Valentina Greco, PhD, associate professor of genetics, of dermatology, and of cell biology, has received the 2018 Yale Graduate Mentor Award in the Natural Sciences.
The award is bestowed each year by the Graduate School of Arts and Sciences (GSAS) to honor exemplary qualities of mentorship in faculty members. After nominations from graduate students, the honorees are chosen by a committee of students and faculty, in coordination with the GSAS Dean's office.
“In my role as a mentor, what really drives me is a passion for people,” Greco said in her acceptance speech delivered Sunday, May 20th at Yale. “I feel an extreme connectivity to people because of their wish to belong, and to have an impact while being connected to their vulnerability. … At all levels, we experience a need to be heard.”

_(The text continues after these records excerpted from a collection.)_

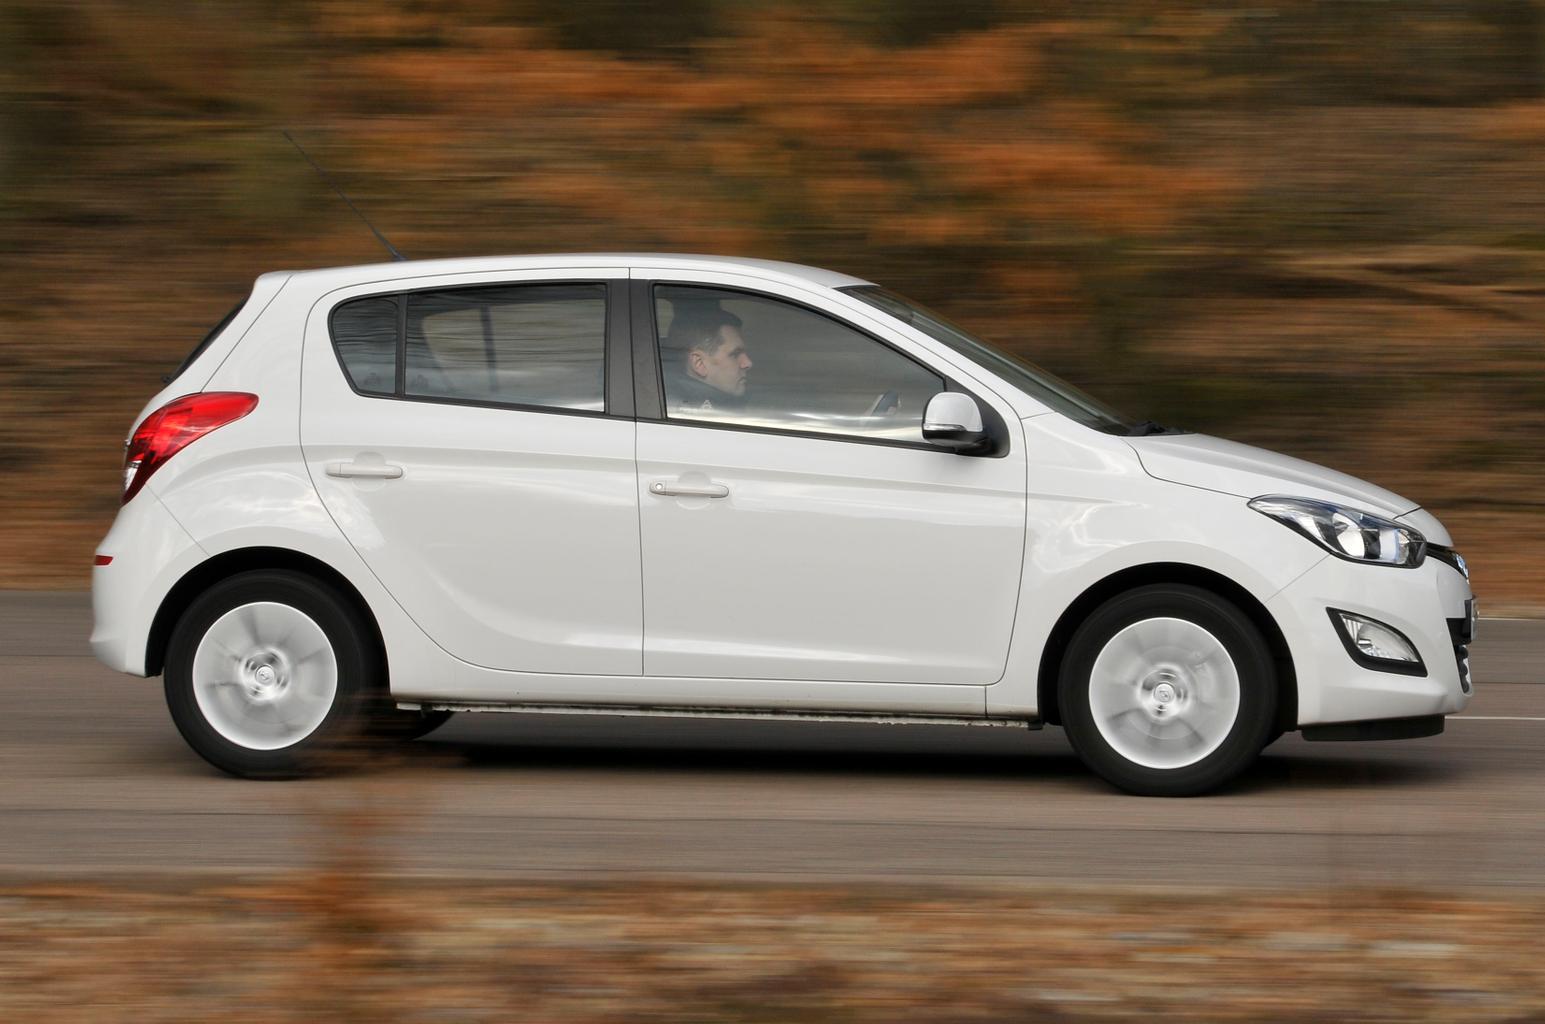 Used Ford Fiesta vs Renault Clio vs Hyundai i20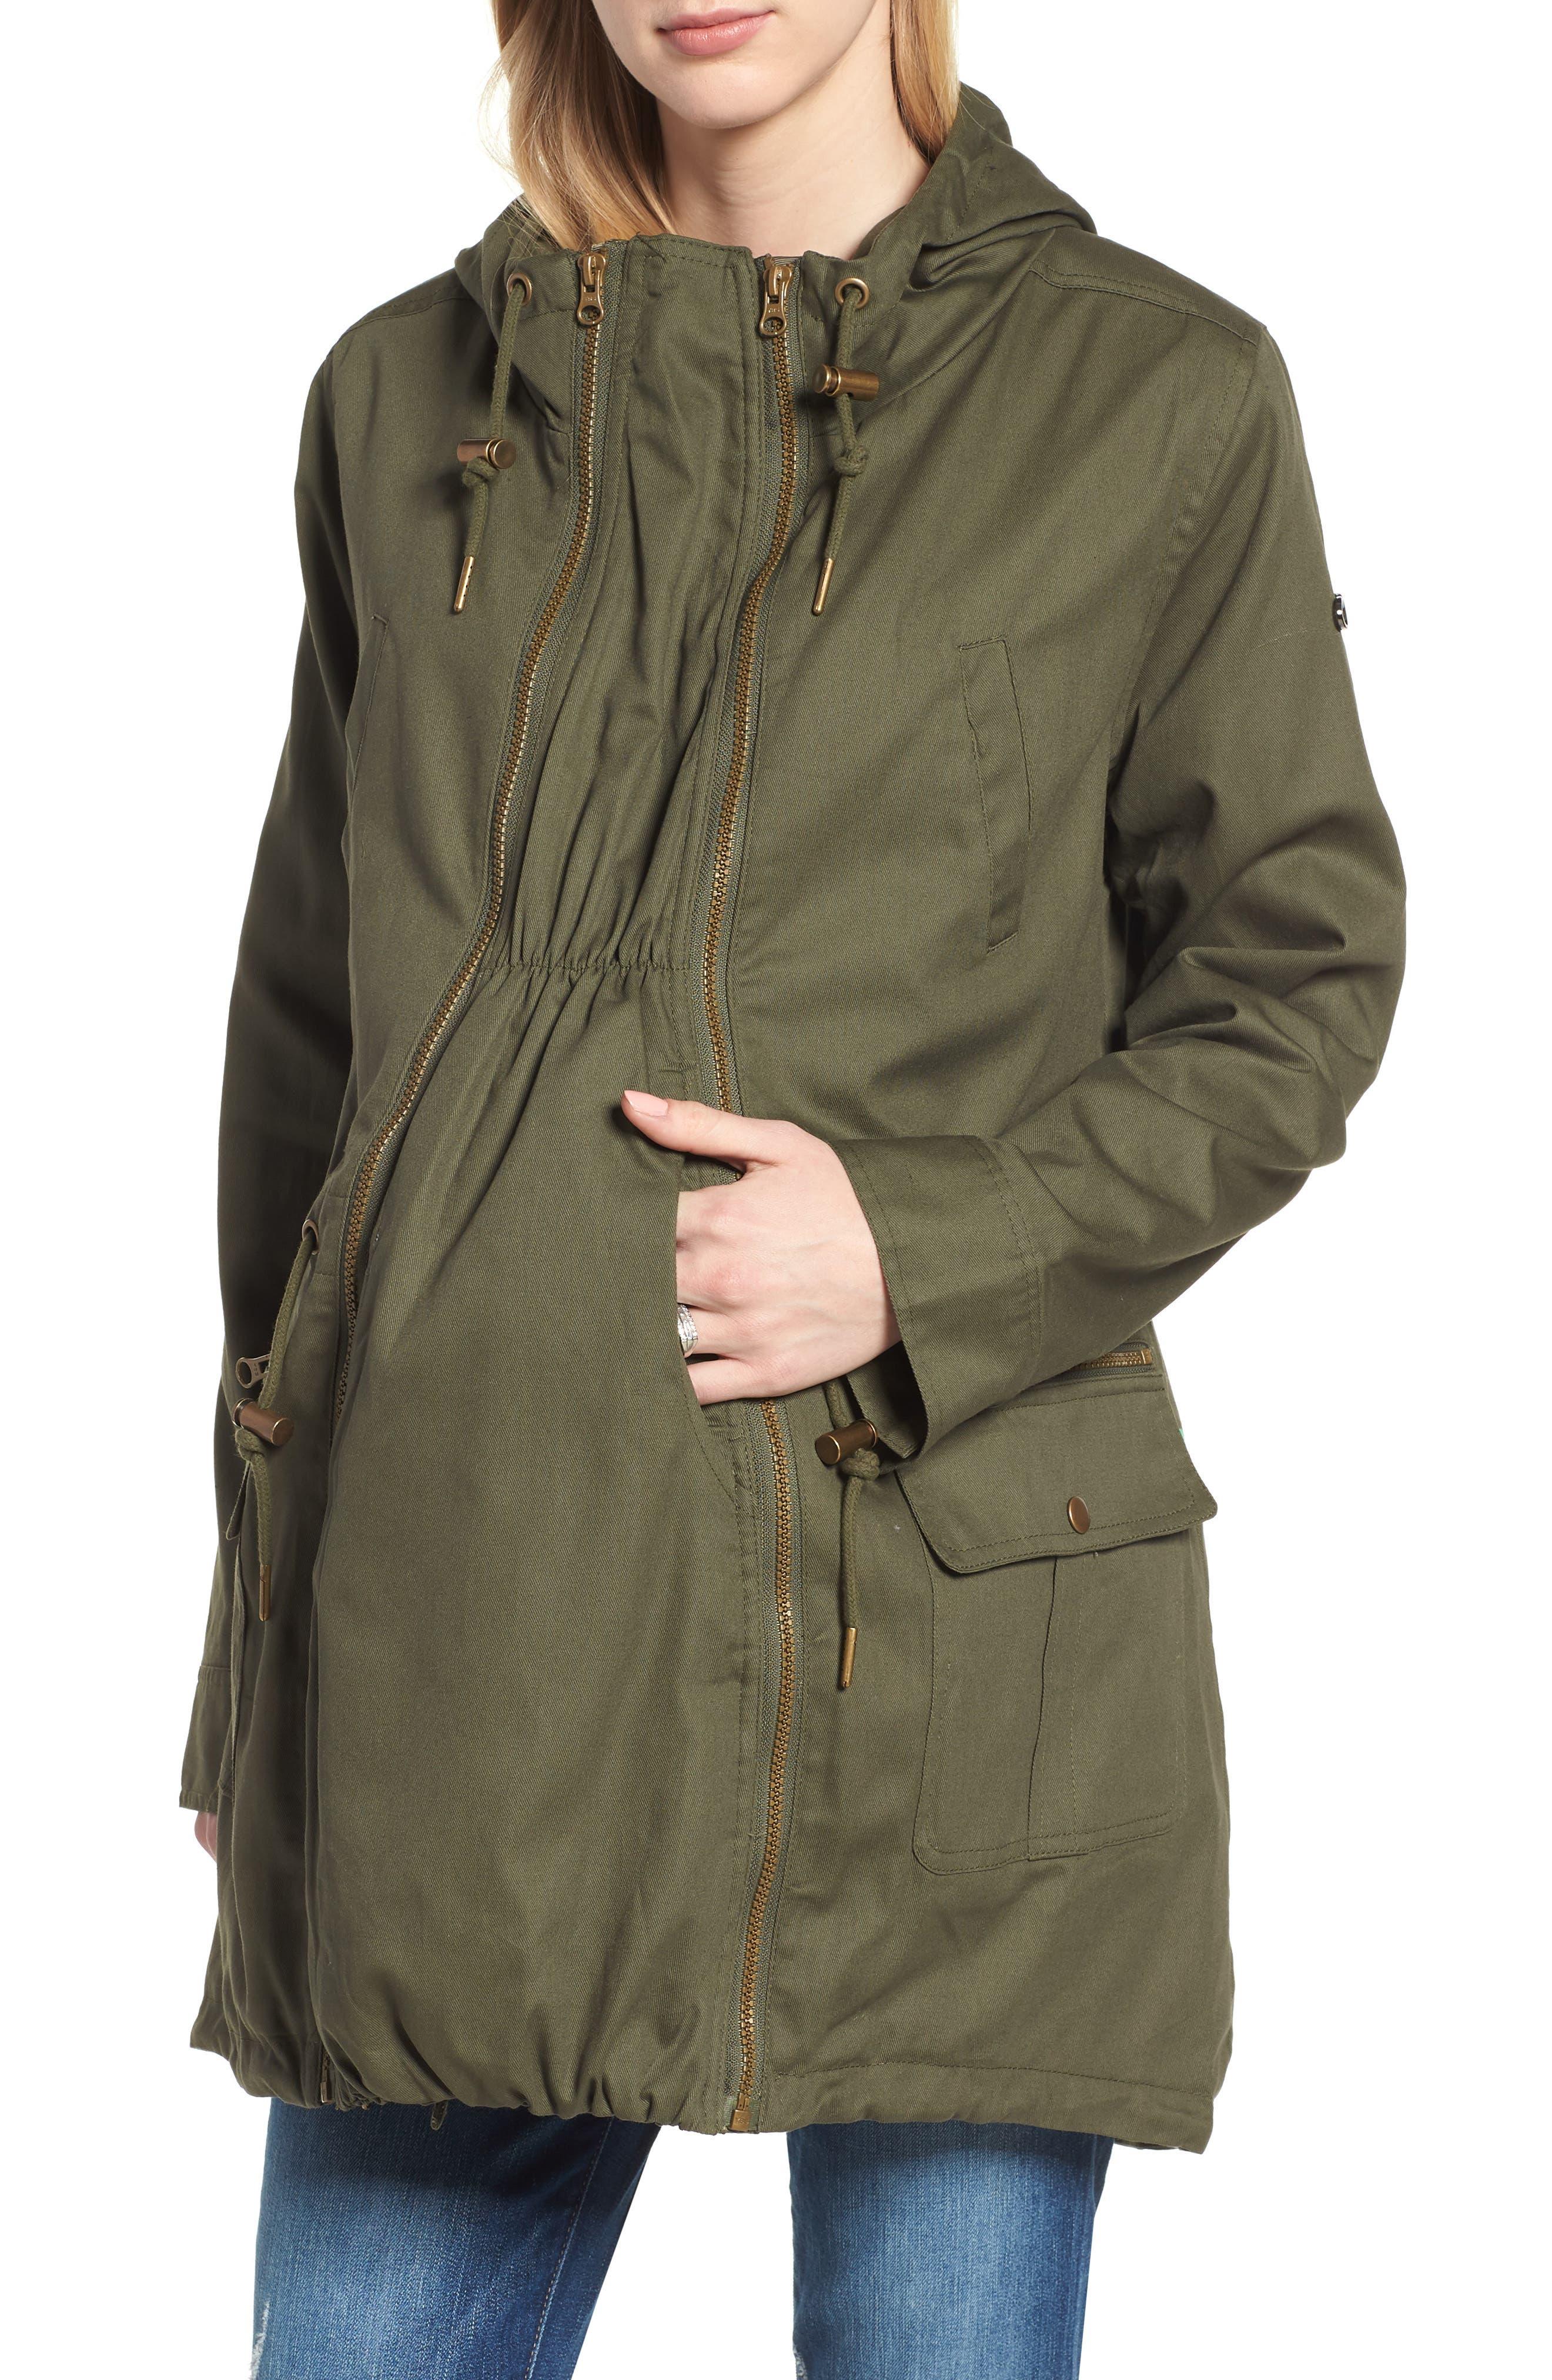 Convertible Military 3-in-1 Maternity/Nursing Jacket,                         Main,                         color, Khaki Green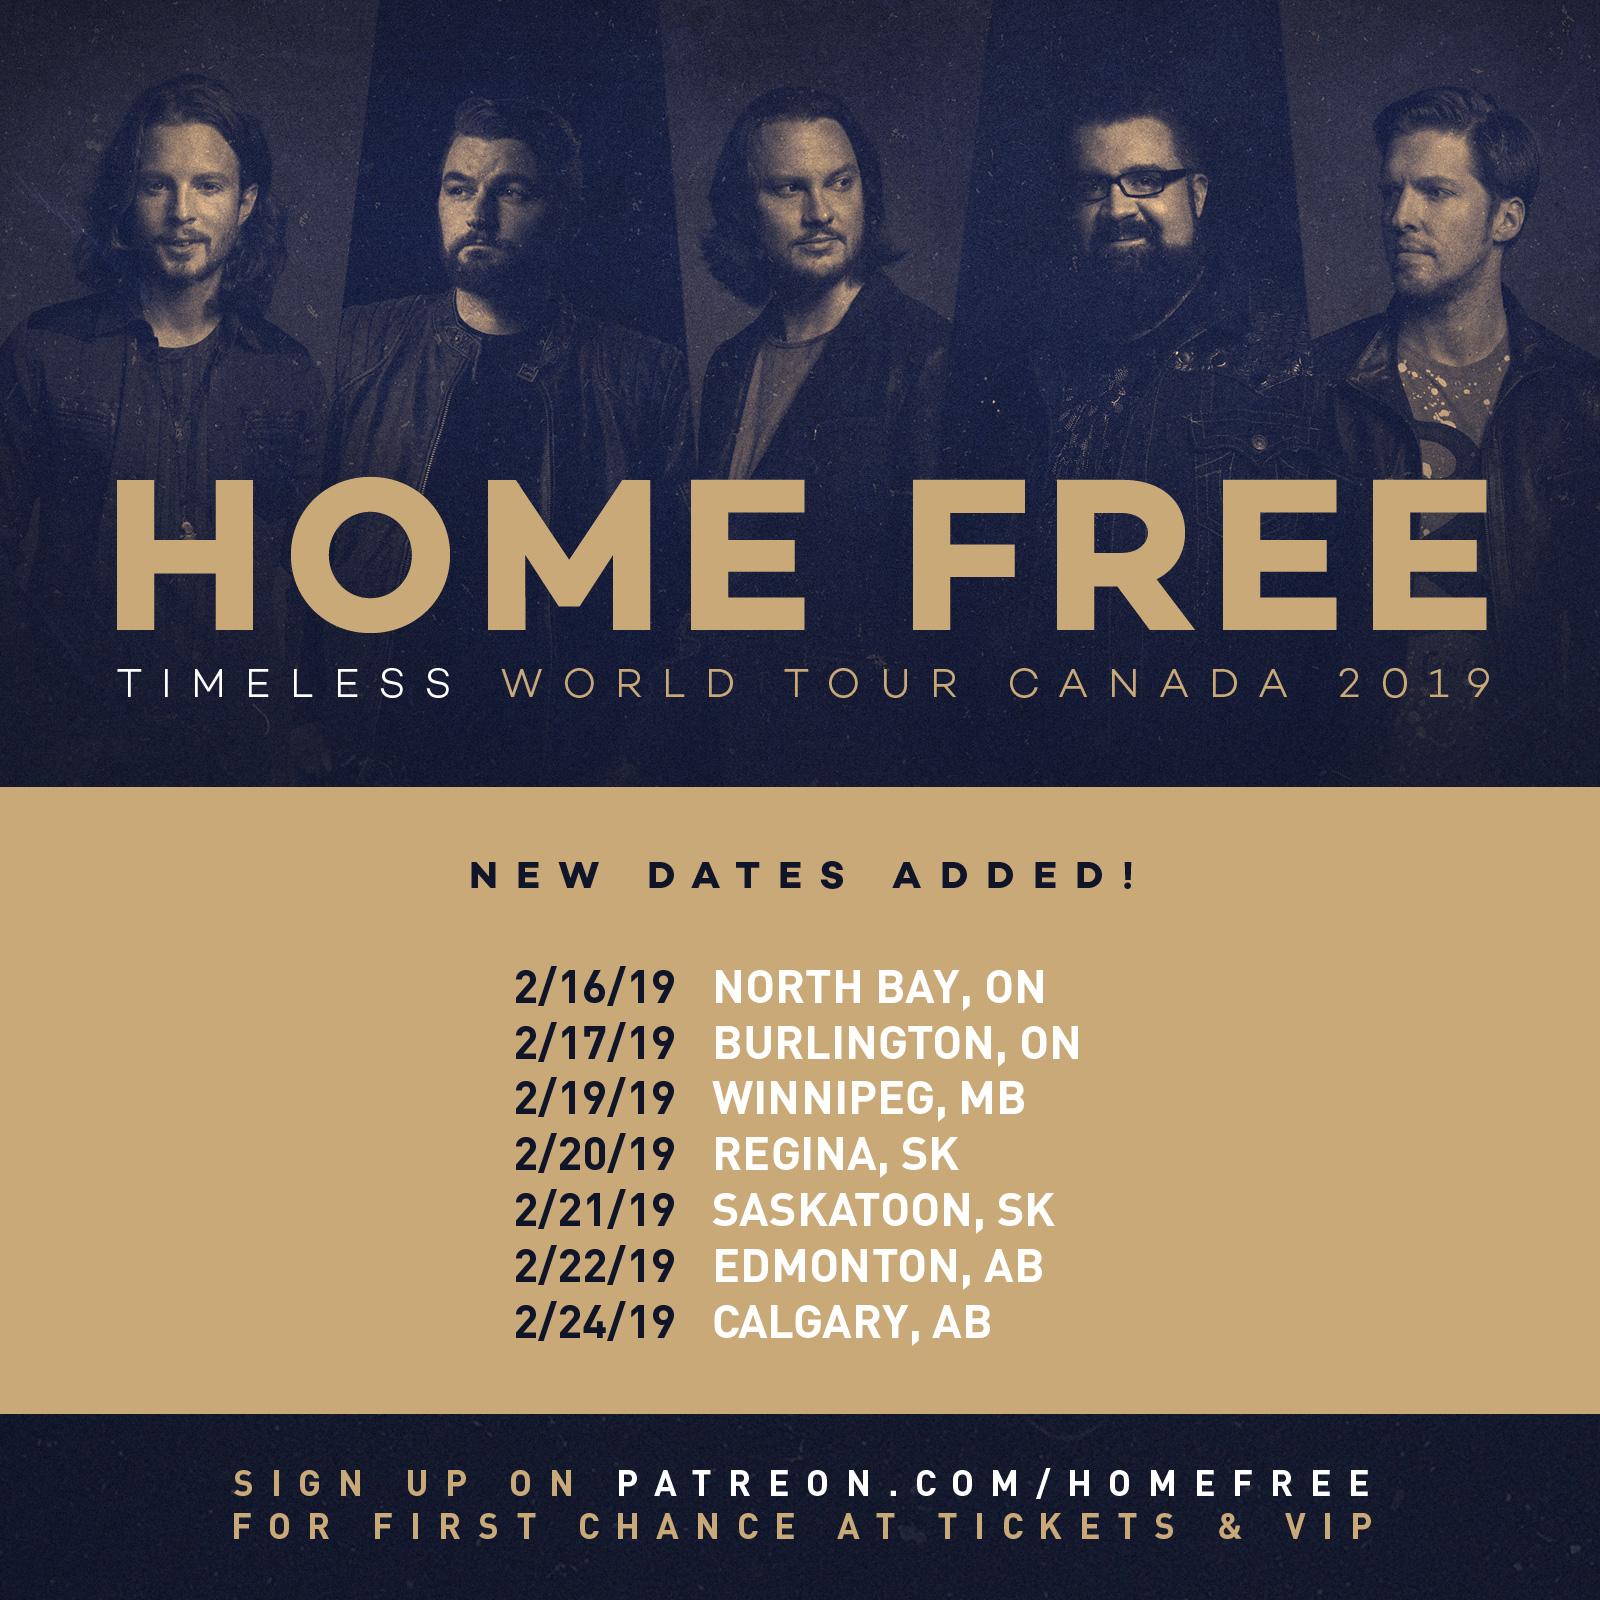 logo-home-free-world-tour-2019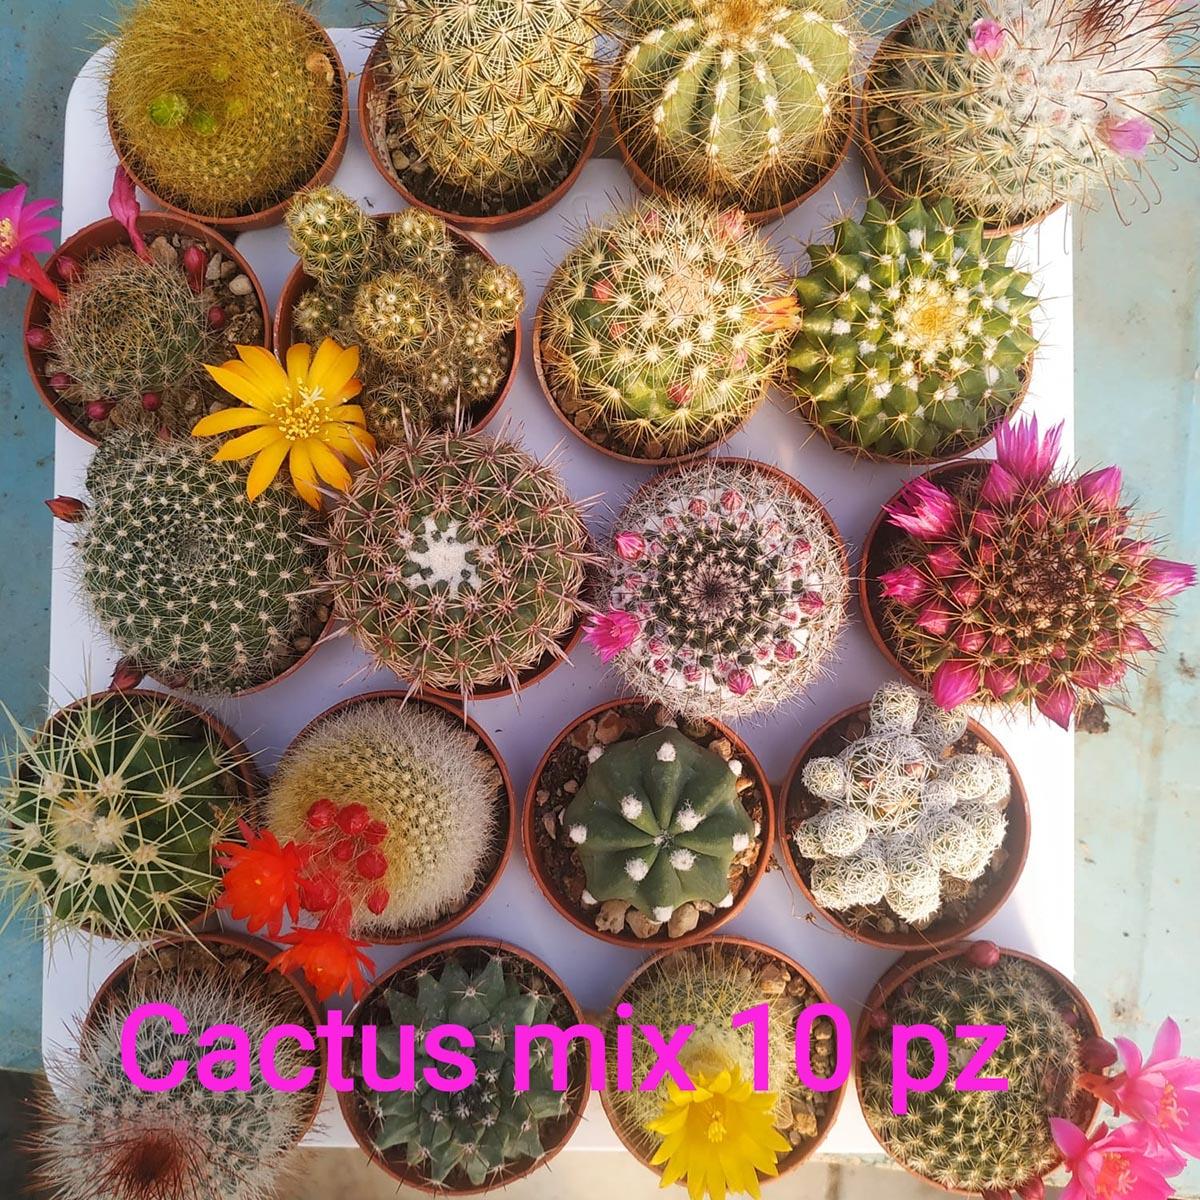 eden plantae cactaceae mix 10

Former students, who praised Greco’s positive influence on them, echoed these thoughts. “She has always treated all members of our lab as equals, regardless of our genders, ages, and backgrounds,” wrote Cristiana Pineda, PhD ‘18, in her nomination letter. “She actively includes everyone in hiring decisions, as she is incredibly committed to having a harmonious and supportive lab environment.”
“It is clear to anyone who has spent time with her that she cares deeply about the development and achievements of everyone she encounters,” wrote Kailin Mesa, PhD ’17, a postdoctoral fellow now at NYU. “Whenever I’m in a mentoring role, I still ask myself: ‘What would Valentina do?’”
Elizabeth Jacox, PhD ’14, held similar memories of her time studying with Greco. “Dr. Greco is a phenomenal mentor,” wrote Jacox by email. “She cares passionately about her mentees physical, emotional, and personal well-being, and does everything she can to foster a lab ‘family.’ I am forever grateful for her mentorship.”
For Greco, being a professor requires more than expertise in a subject matter—it’s a commitment to society. “People will give you what you invest in them,” she said during an interview earlier this year. “If you treat them badly, they will behave badly as they are more likely to model the behaviors that surround them. If you treat them with respect and dignity, they will flourish and contribute great things to the world. When you bring this attitude to medicine and science, it’s more than simply ‘teaching’—it’s an obligation to behave well, to treat others as you’d want your loved ones to be treated.”
Part of the secret to positive mentorship, according to Greco, is viewing one’s personal life and moral development as an extension of scientific inquiry. “There is a lot to learn, because there are always new people from whom to learn and grow and with whom to explore science with a team approach.”
Born in Palermo, Italy, Greco earned her undergraduate degree in molecular biology at the University of Palermo, and her PhD at the European Molecular Biology Laboratory (EMBL) and Max Planck Institute of Molecular Cell Biology and Genetics in Germany. She completed her post-doctoral studies at the Rockefeller University in 2009. She joined the Yale faculty in 2009 and is a member of the Yale Stem Cell Center and Yale Cancer Center.